The total cost of all the projects in the capital budget was projected at $239.9 million. Of that, about $179.9 million will go to electrical system expansion, said Christine Pratt, PUD public information officer, in a press release. 

The major project that’s not part of the electrical system is the planning and preparation for building a new maintenance center, known as a service center, in Ephrata.  

About $26.2 million is budgeted for upgrades to the turbines at Priest Rapids Dam and about $12.8 million for generator upgrades. It’s part of a multi-decade project to increase generation at Priest Rapids and Wanapum dams. The work at Wanapum has been completed and is at about the halfway point at Priest Rapids. 

The new service center project was budgeted at about $32.22 million for 2025. 

“For us a service center is our warehouse function, our electric shop; our substation and transmission line folks work out of there, and our transportation facilities. And telecom too,” said Tim Fleisher, PUD facilities manager.  

The existing service center is on A Street Southeast, where it’s been since the mid-1970s. Whether or not to move it was one of the questions studied as part of the PUD’s facilities plan.  

That part of the study took a couple years, he said. The conclusion was that the existing site was too small and couldn’t be expanded.  

“At that point, we realized that the property and the buildings we own were just not a good value to keep putting that kind of funding (in) and expect to support our customers in the way we needed to,” Fleisher said.  

Fallon Long, PUD chief enterprise shared services officer, said the PUD has grown – a lot.  

“We had only 19 substations, and we’re over 56 now,” Long said. “Our electric meters, we started with16,000 in the mid-70s and now we’re over 55,000.”  

The current site is about 17 acres and is surrounded by other business sites, train tracks and steep terrain, which limited the ability to expand, Long said. The new site, located on Southeast A Avenue near the new Grant County Jail, is 34 acres.  

Total project cost is still to be determined, Pratt said. Construction on the new facility, about 240,000 square feet, is scheduled to start in 2026.  

The electrical system projects include about $12.2 million for continued work on a new high-voltage transmission line between Wanapum Dam and the Quincy area. The goal is to bring additional electrical capacity to Quincy, home to businesses that use a lot of power.  It’s a multiyear project, with work on the design and permitting scheduled for 2025. 

Additional transmission lines in and around Quincy are planned; two projects around the Mountain View substation on the west end of town are budgeted for about $21.6 million.  

Upgrades to a substation near Wheeler Road in Moses Lake were budgeted at about $9.5 million. A new transmission line near Royal City is scheduled for construction, with a 2025 budget of about $10.27 million. 

Work is also scheduled on the Ruff substation near East Wheeler Road in Moses Lake. The project is budgeted at $9.53 million.  

The studies conducted for the capital facilities plan demonstrated a need for a new service center in Moses Lake, and PUD commissioners purchased land on Road L Northeast for it earlier this year. While the new Moses Lake facility is the second project on the facilities plan list, Long said it’s still a way off. 
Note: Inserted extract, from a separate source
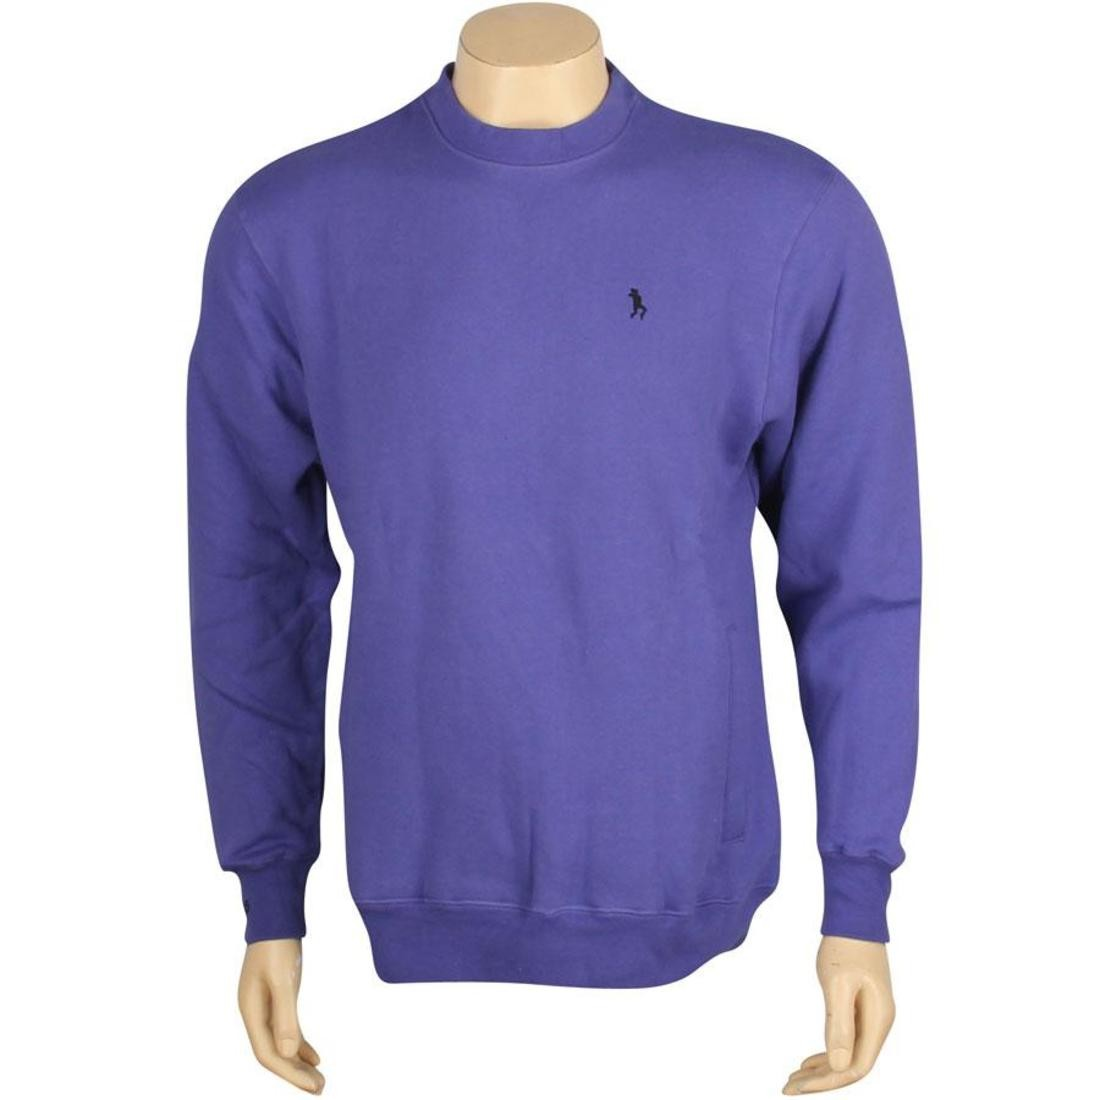 SNEAKTIP ゲーム メンズファッション トップス Tシャツ カットソー メンズ 【 Hate The Game Crewneck (purple) 】 Purple

“At this time, we’re just holding on to that land until we can get through this (Ephrata) project a little further. Then we can determine next steps (on the Moses Lake project).” Long said.  

The capital projects budget includes about $650,000 for upgrades to the heating-cooling system at the PUD headquarters in Ephrata. A new headquarters facility is scheduled for construction within the next decade, according to the facilities plan. Fleisher said even though the building is scheduled for replacement eventually, it needs to work properly now. 

“There’s always that balance, that we have to keep our facilities operational,” he said. “We’re at 30 years now since the last major remodel of that building, and unfortunately some of the (components) that we’re replacing, we can no longer get parts for, and we can no longer keep up to date on the maintenance because of the age of the equipment.”